Does SafeERC20 protect against fee-on-transfer bugs?

No. SafeERC20 from OpenZeppelin solves a different problem: it handles non-standard ERC-20s that don't return a bool (like USDT and BNB) and reverts on failed transfers. It does *not* check whether the recipient received the requested amount. You still need to measure `balanceOf` before and after the call. Combine both: `safeTransferFrom` for the call itself, balance-delta accounting for the credited amount. They're complementary defenses against different categories of ERC-20 weirdness.

Are rebasing tokens the same vulnerability as fee-on-transfer?

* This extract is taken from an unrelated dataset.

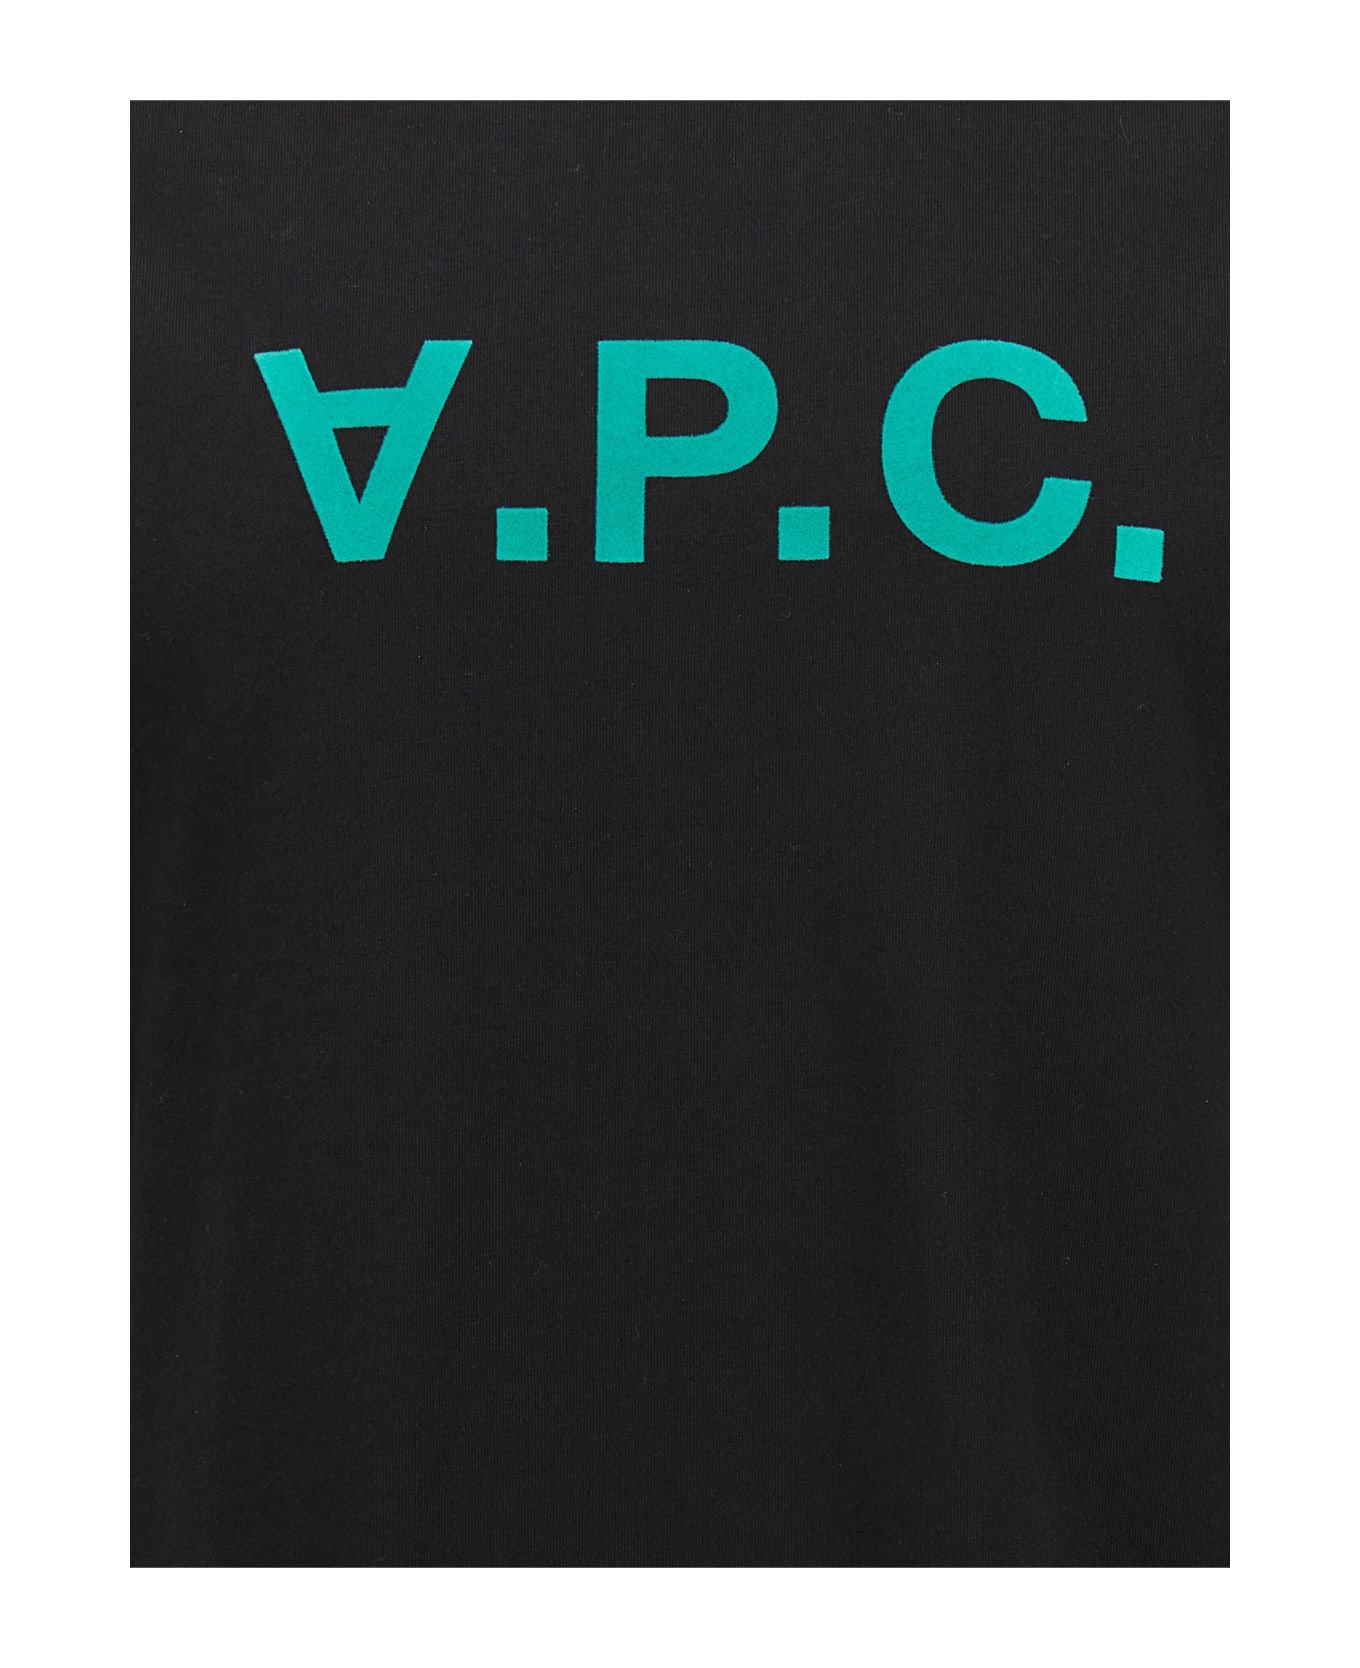 A.P.C. Vpc Logo Printed T-shirt - Black シャツ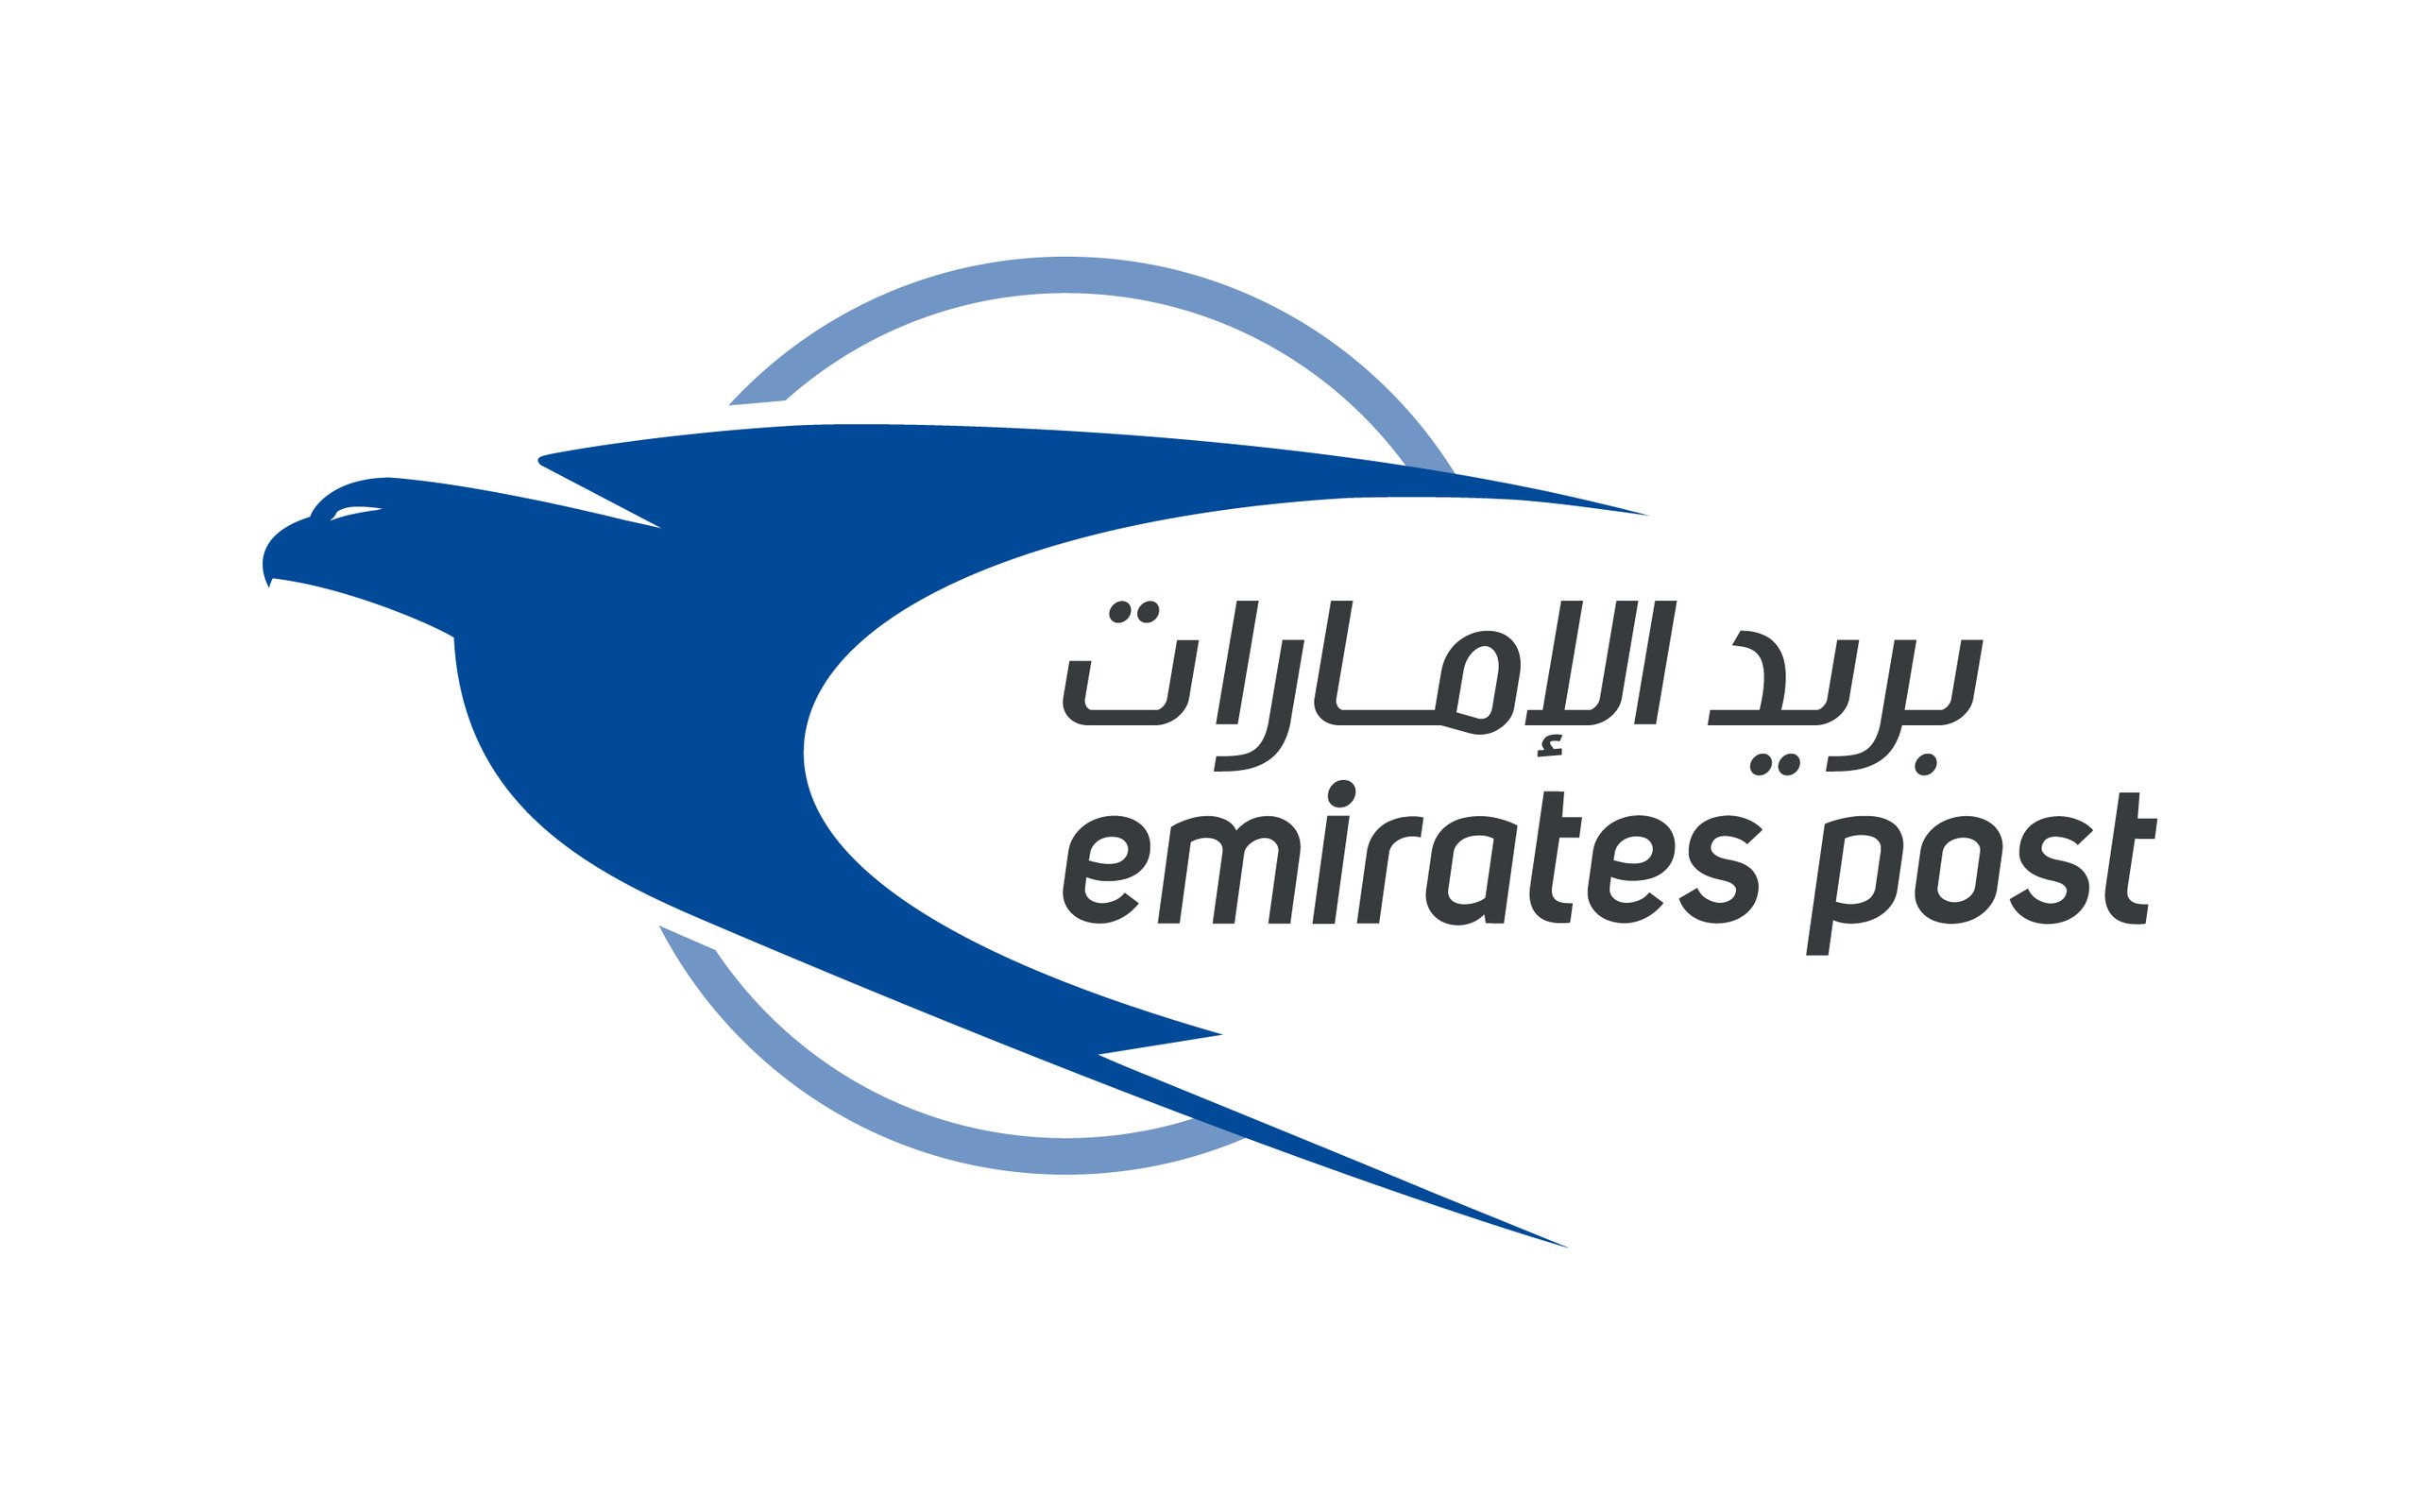 الإمارات الثانية عالميًا والأولى إقليميًا في خدمات البريد العاجل الدولي

Related but distinct. FoT tokens change balances during transfer; rebasing tokens (AMPL, stETH) change balances independently of transfers, triggered by oracle updates or time. Balance-delta accounting fixes FoT but not rebasing — a user's recorded balance can drift without any contract interaction. The standard solution is shares-based accounting: store the user's proportional claim on the pool rather than a raw token amount, the way Yearn vaults and wstETH work. Or wrap the rebasing token into a non-rebasing version at the boundary.

Fee-on-Transfer Tokens: The ERC-20 Tax That Breaks Protocols

Your protocol assumes `transferFrom(user, address(this), 100)` deposits exactly 100 tokens. Fee-on-transfer ERC-20s break that assumption and silently corrupt every accounting invariant downstream. The fix is one line — measure balance deltas, not transfer arguments — but the bug has drained…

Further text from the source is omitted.